Action item: Word for word, copy the data that follows and skip its pictures.

Data:

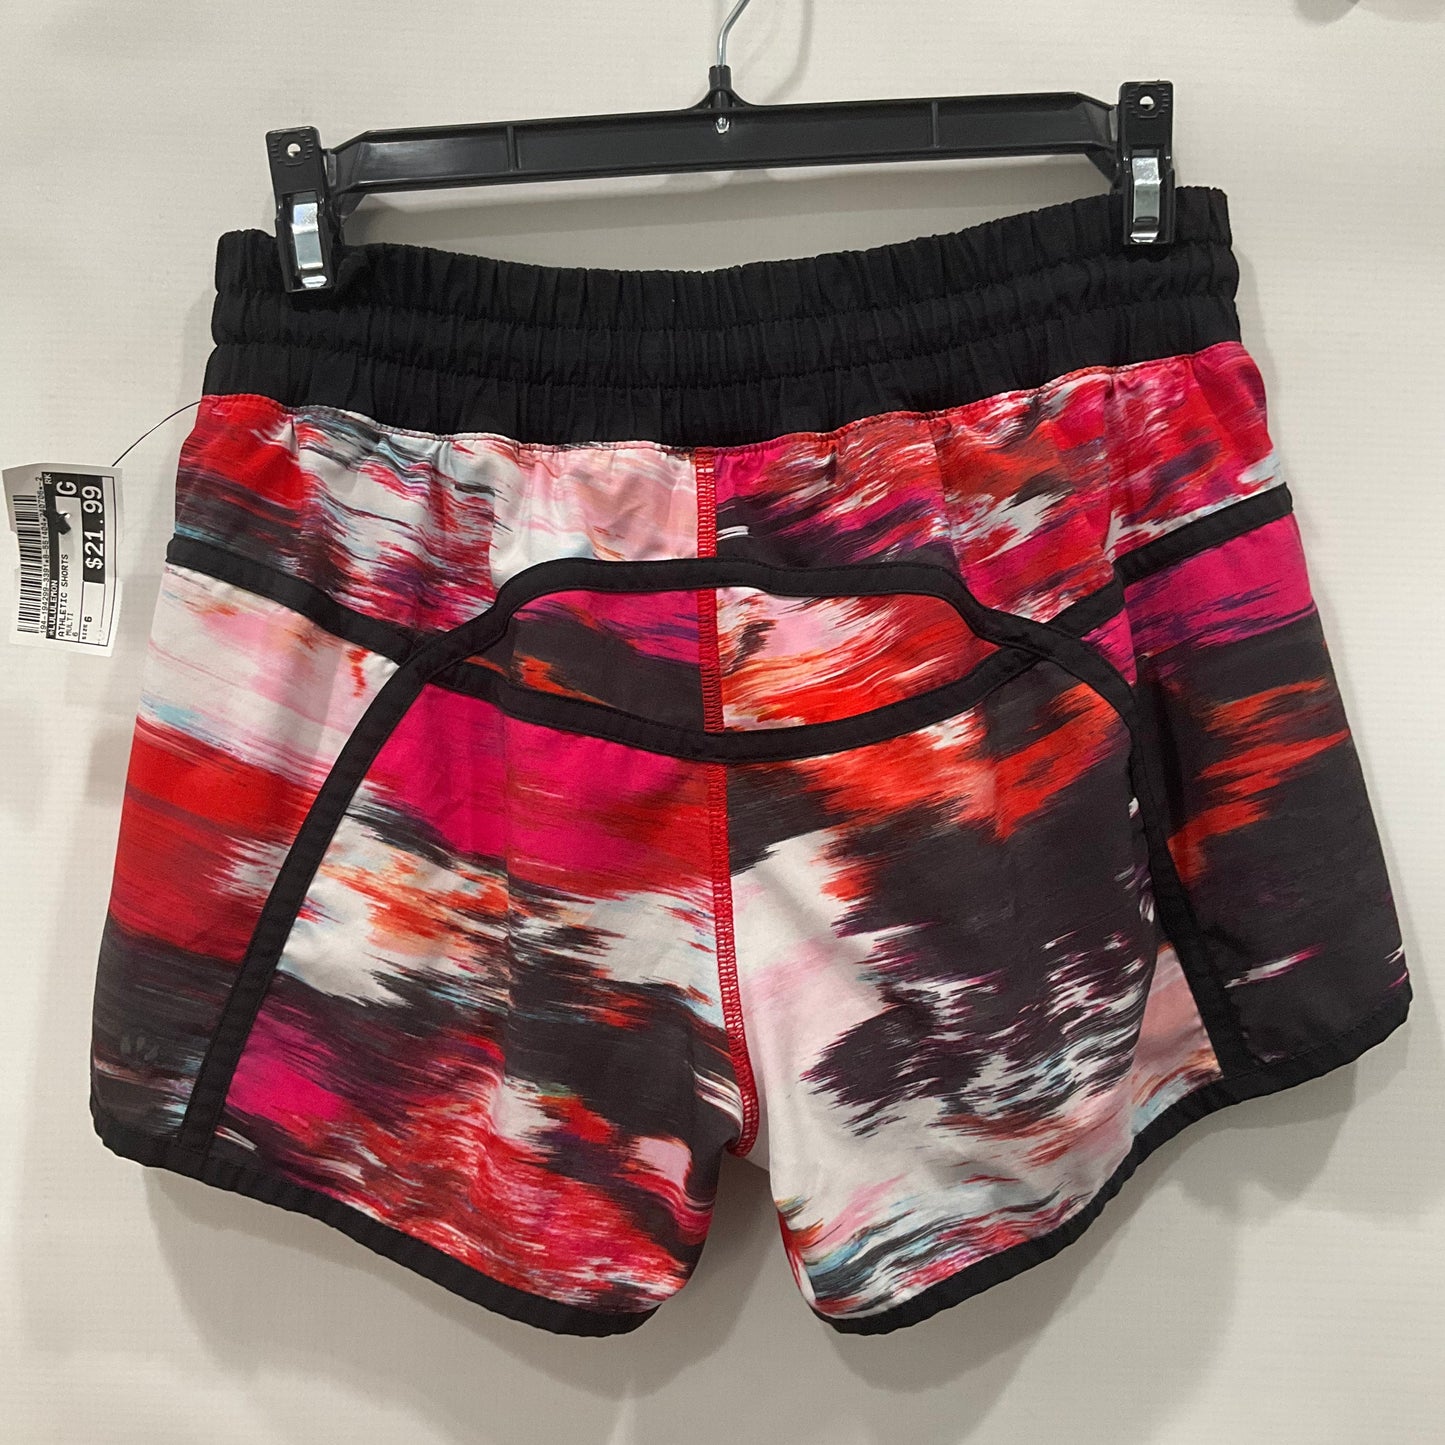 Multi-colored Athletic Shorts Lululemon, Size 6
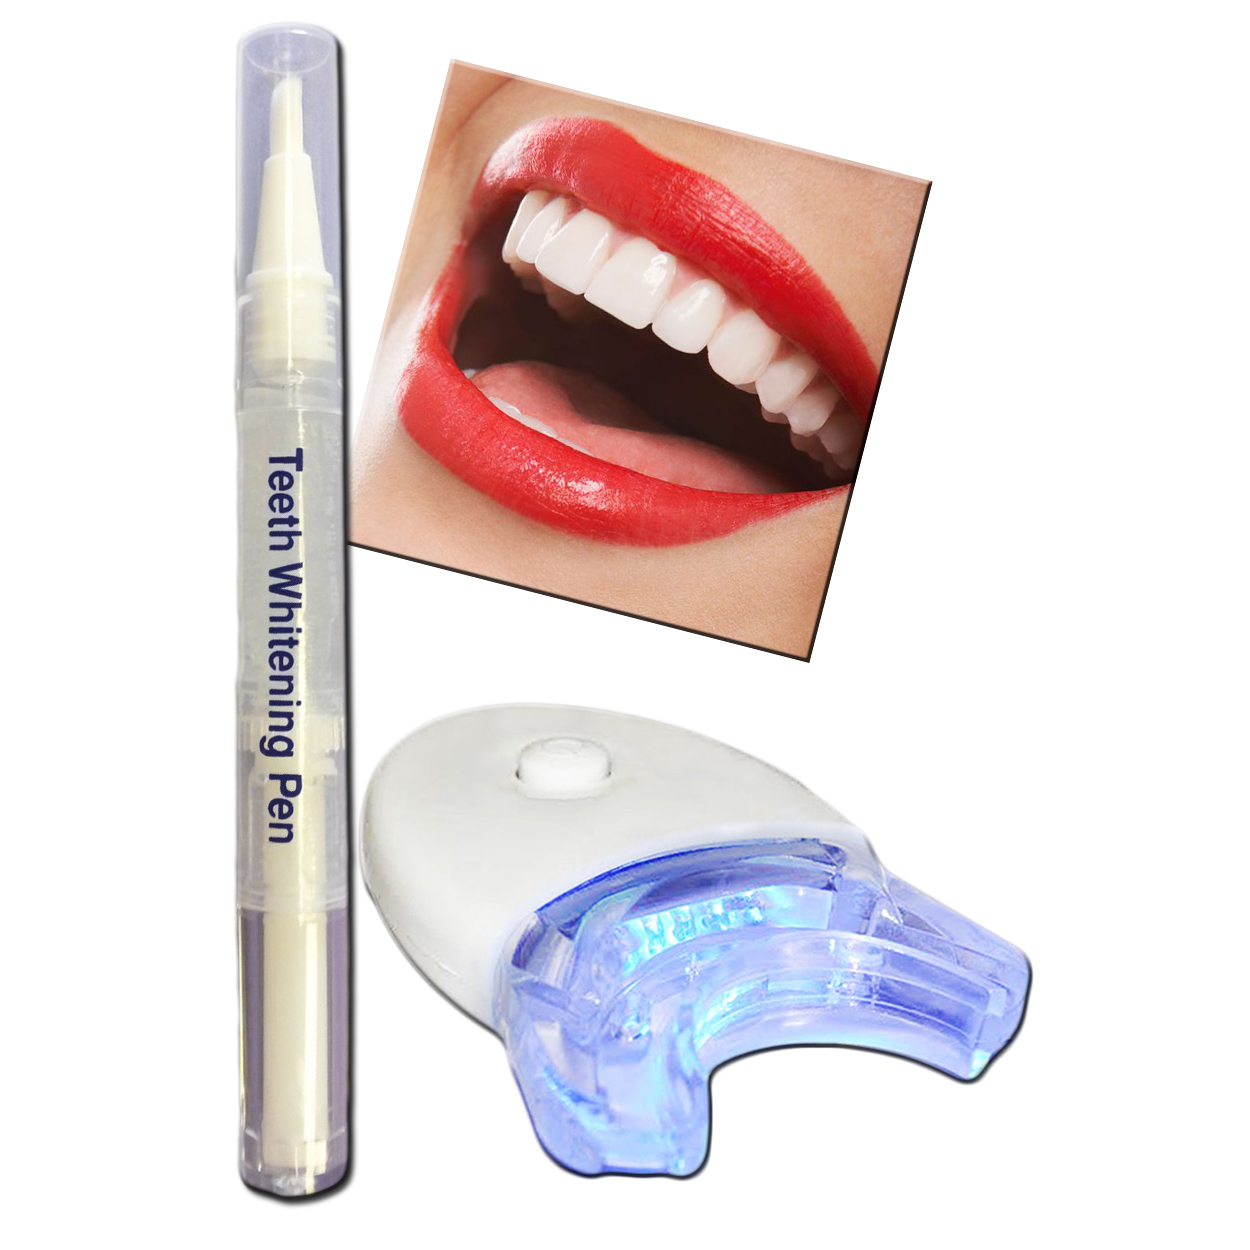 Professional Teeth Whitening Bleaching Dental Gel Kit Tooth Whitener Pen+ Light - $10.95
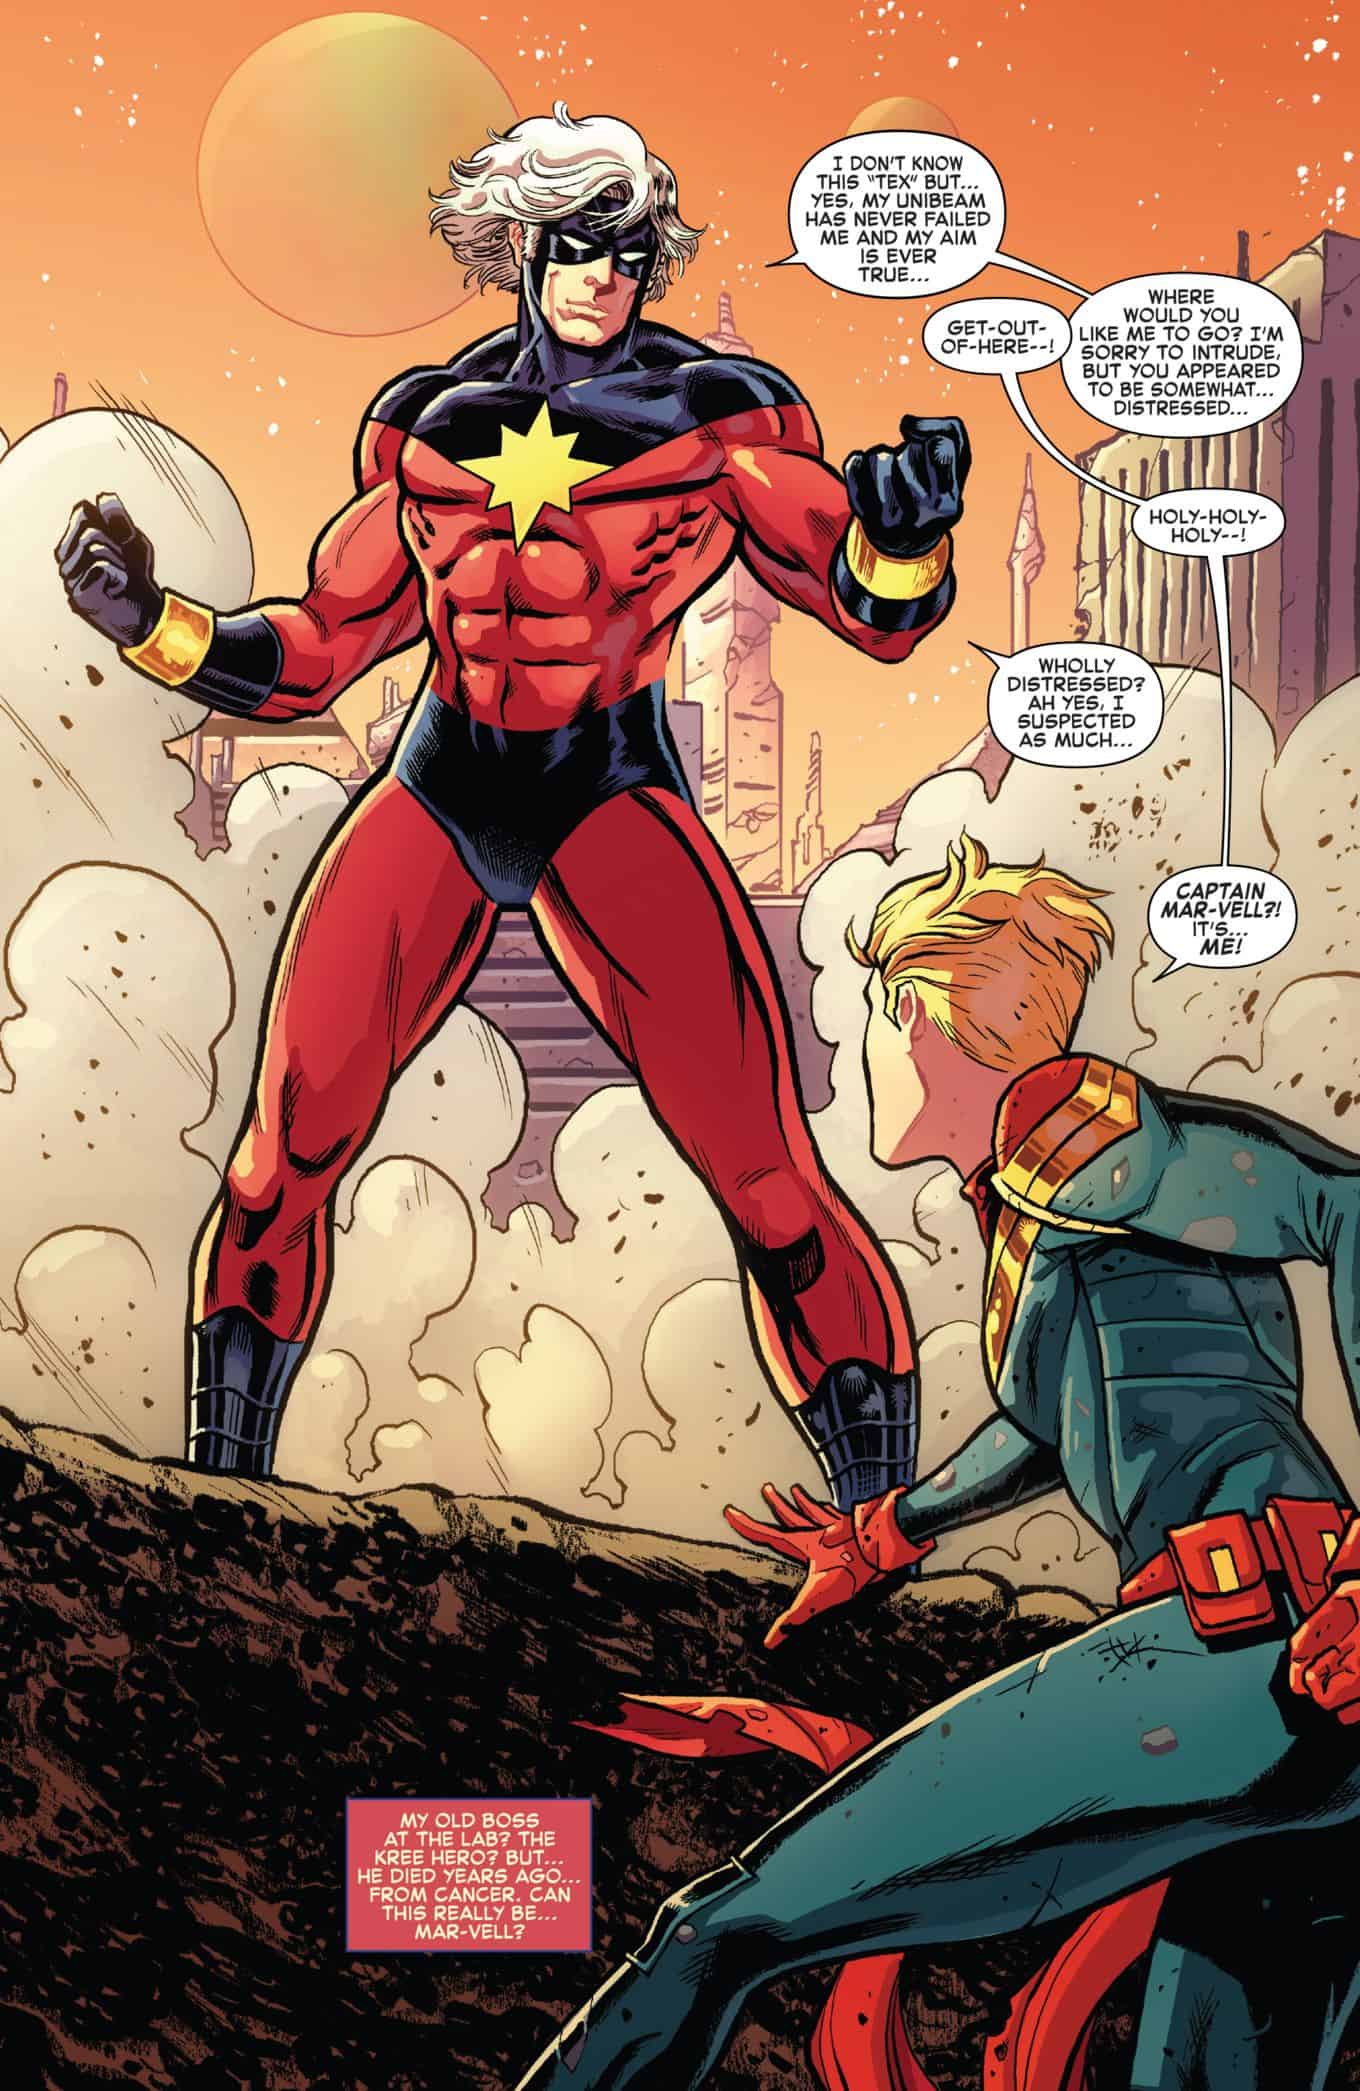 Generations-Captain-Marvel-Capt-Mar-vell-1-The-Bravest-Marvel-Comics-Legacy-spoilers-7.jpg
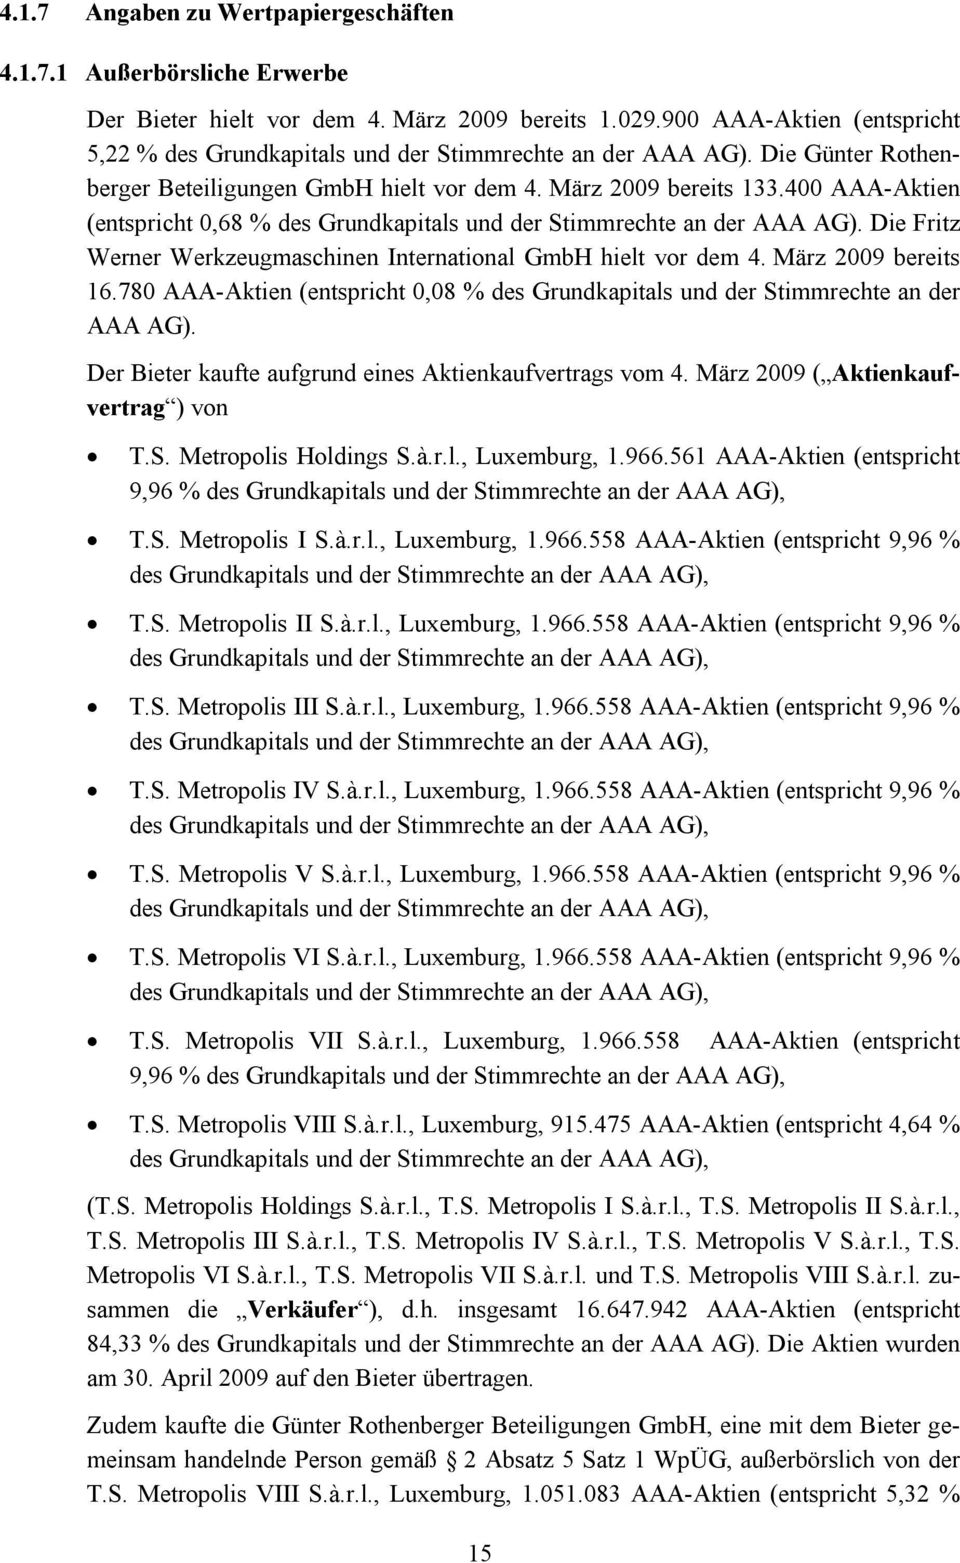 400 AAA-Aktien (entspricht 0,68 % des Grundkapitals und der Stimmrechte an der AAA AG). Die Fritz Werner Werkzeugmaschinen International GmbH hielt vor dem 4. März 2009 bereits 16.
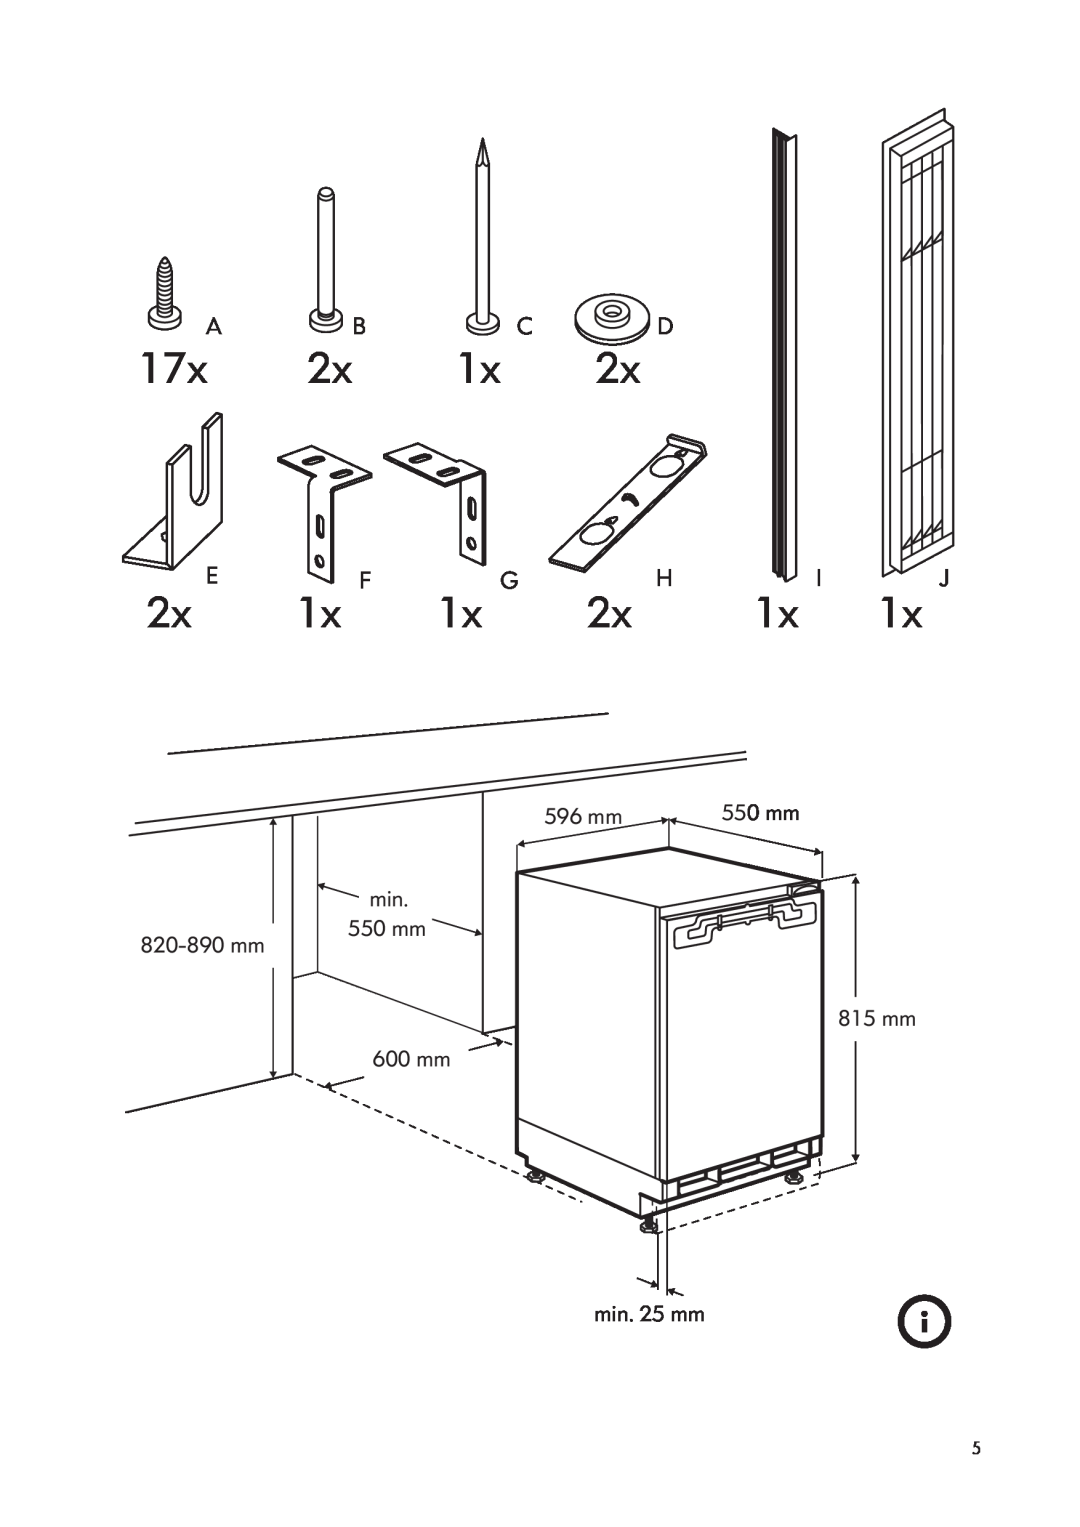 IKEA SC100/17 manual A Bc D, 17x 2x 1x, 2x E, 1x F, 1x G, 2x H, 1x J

Solution to this problem:
 Multi-colored Athletic Shorts Lululemon, Size 6
 Professional Teeth Whitening Bleaching Dental Gel Kit Tooth Whitener Pen+ Light - $10.95
 Generations-Captain-Marvel-Capt-Mar-vell-1-The-Bravest-Marvel-Comics-Legacy-spoilers-7.jpg
 400 AAA-Aktien (entspricht 0,68 % des Grundkapitals und der Stimmrechte an der AAA AG). Die Fritz Werner Werkzeugmaschinen International GmbH hielt vor dem 4. März 2009 bereits 16.
 IKEA SC100/17 manual A Bc D, 17x 2x 1x, 2x E, 1x F, 1x G, 2x H, 1x J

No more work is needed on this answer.